◆ What you need to do: Repeat the following data exactly, omitting pictures.

◆ Given data:
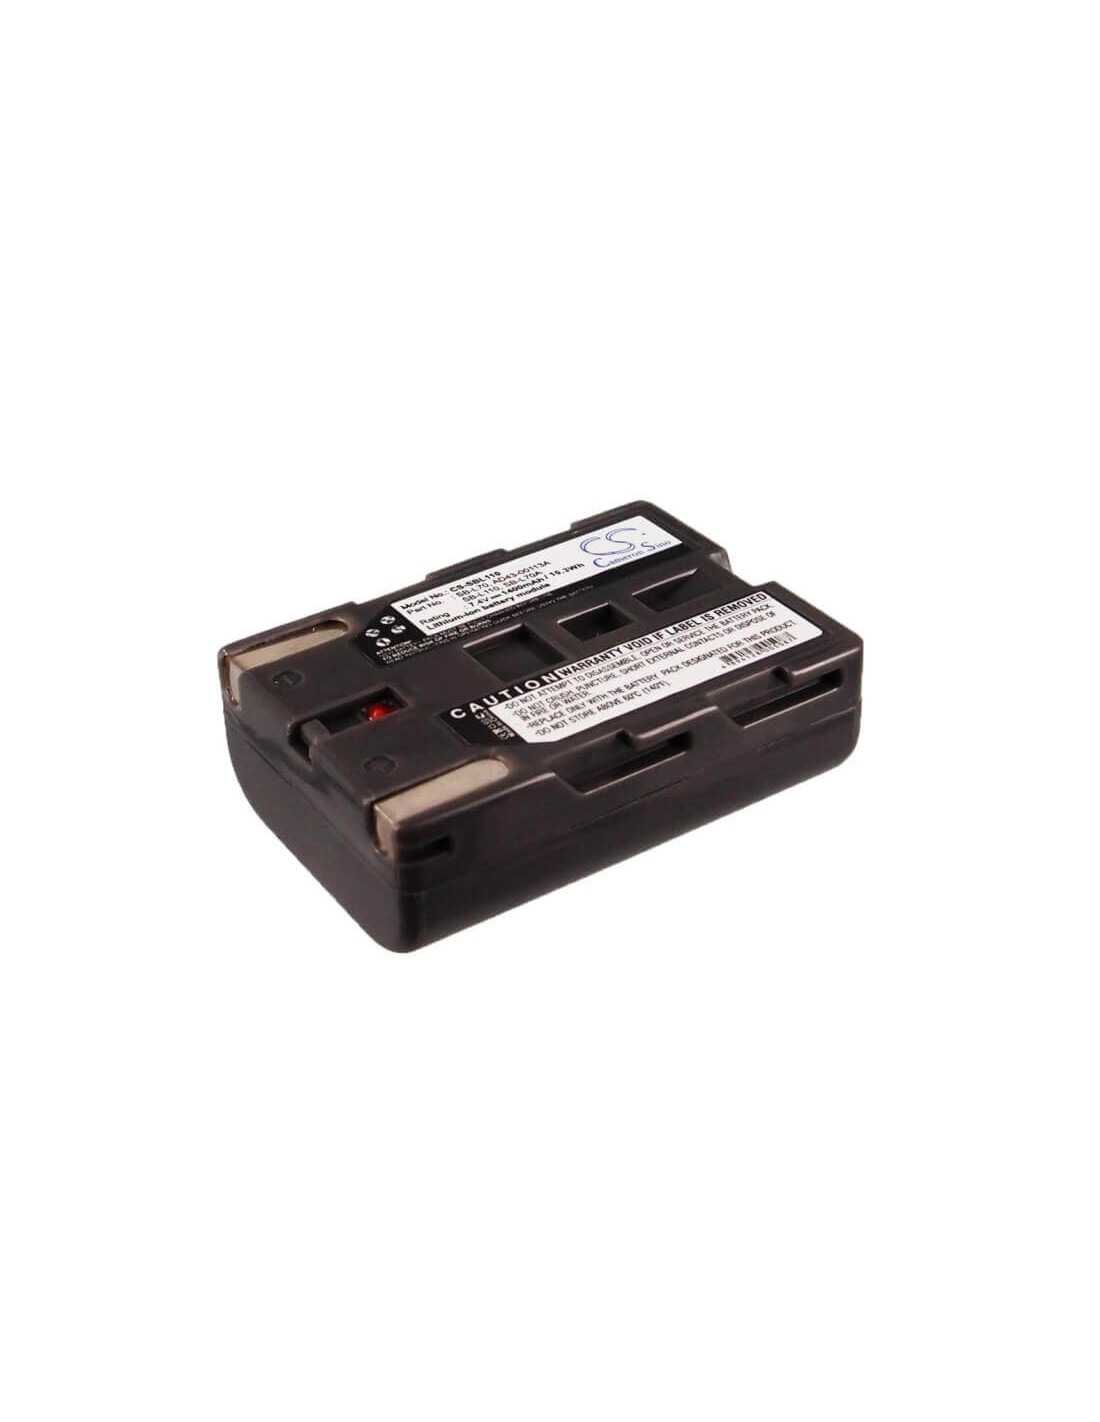 Battery for Medion Md41859, Md9021, Md9021n, Md9035, 7.4V, 1400mAh - 10.36Wh
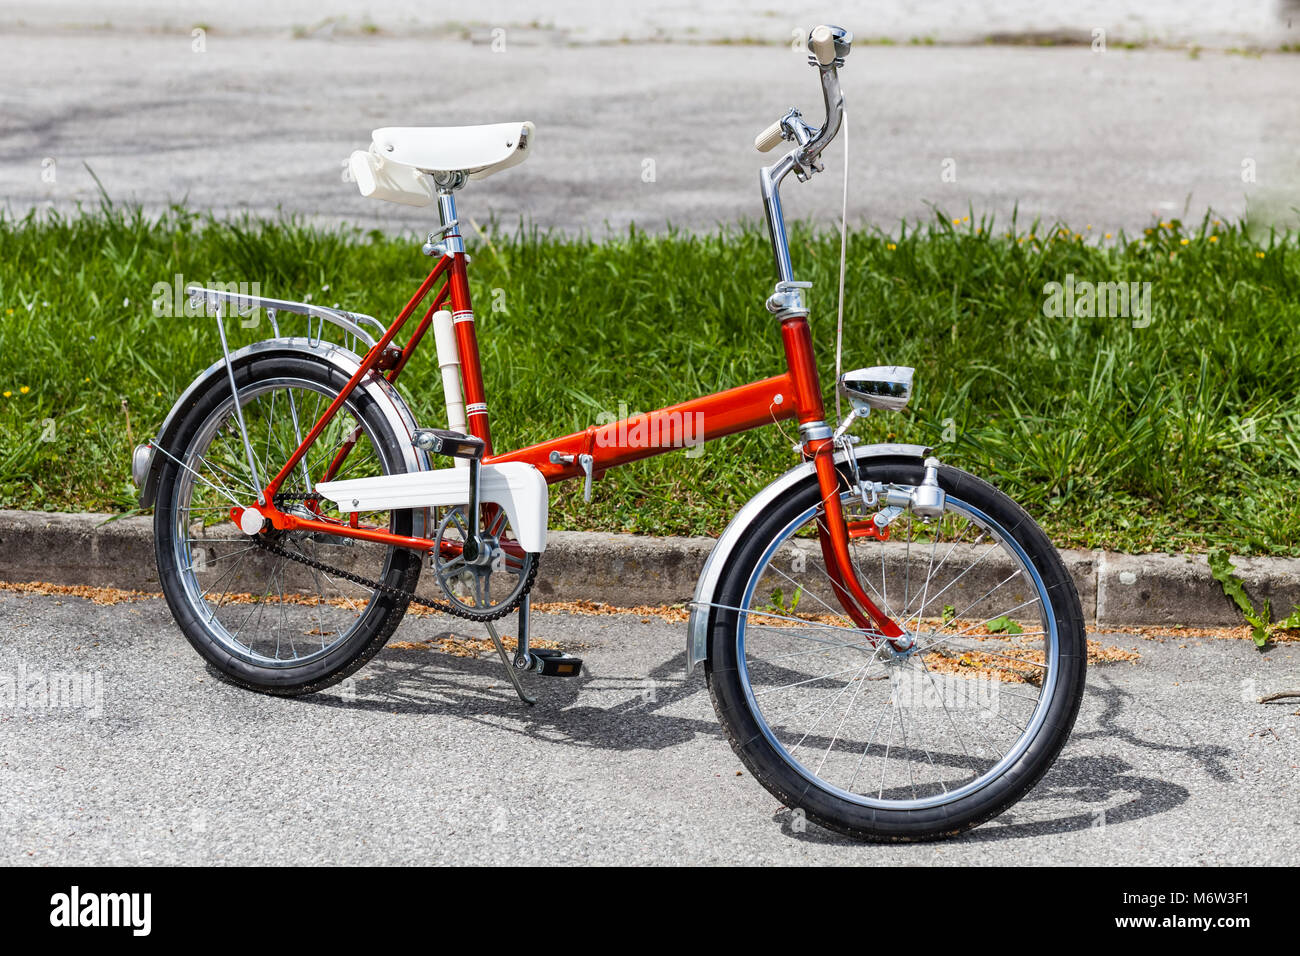 Vintage Classic 1970 s rotes Klapprad Fahrrad in einem einwandfreien Zustand Parken auf der Straße in der Nähe von Gras Stockfoto
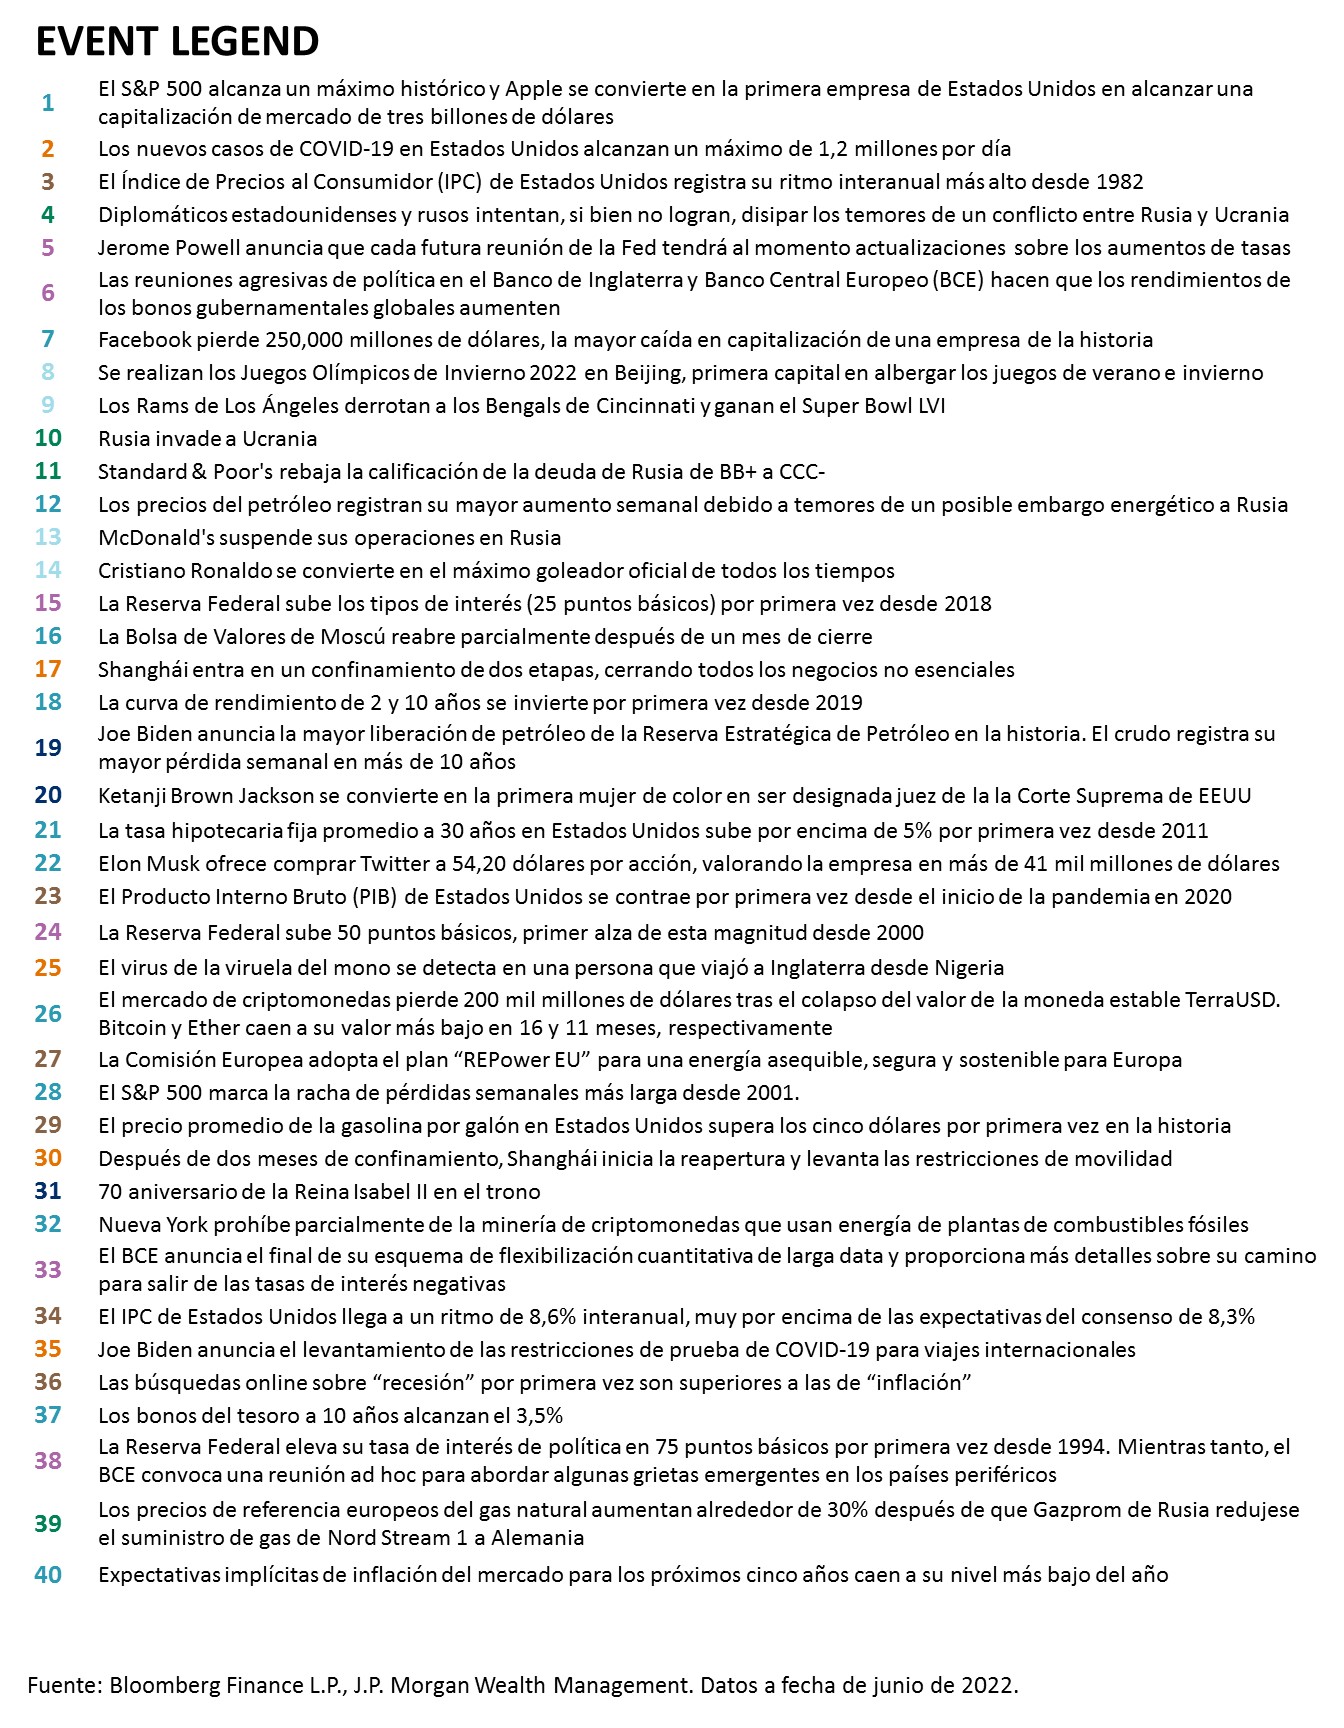 Esta tabla muestra los 40 eventos clave que ocurrieron entre enero y junio de 2022.

◆ Written response:
 Battery for Medion Md41859, Md9021, Md9021n, Md9035, 7.4V, 1400mAh - 10.36Wh
 Vintage Classic 1970 s rotes Klapprad Fahrrad in einem einwandfreien Zustand Parken auf der Straße in der Nähe von Gras Stockfoto
 Esta tabla muestra los 40 eventos clave que ocurrieron entre enero y junio de 2022.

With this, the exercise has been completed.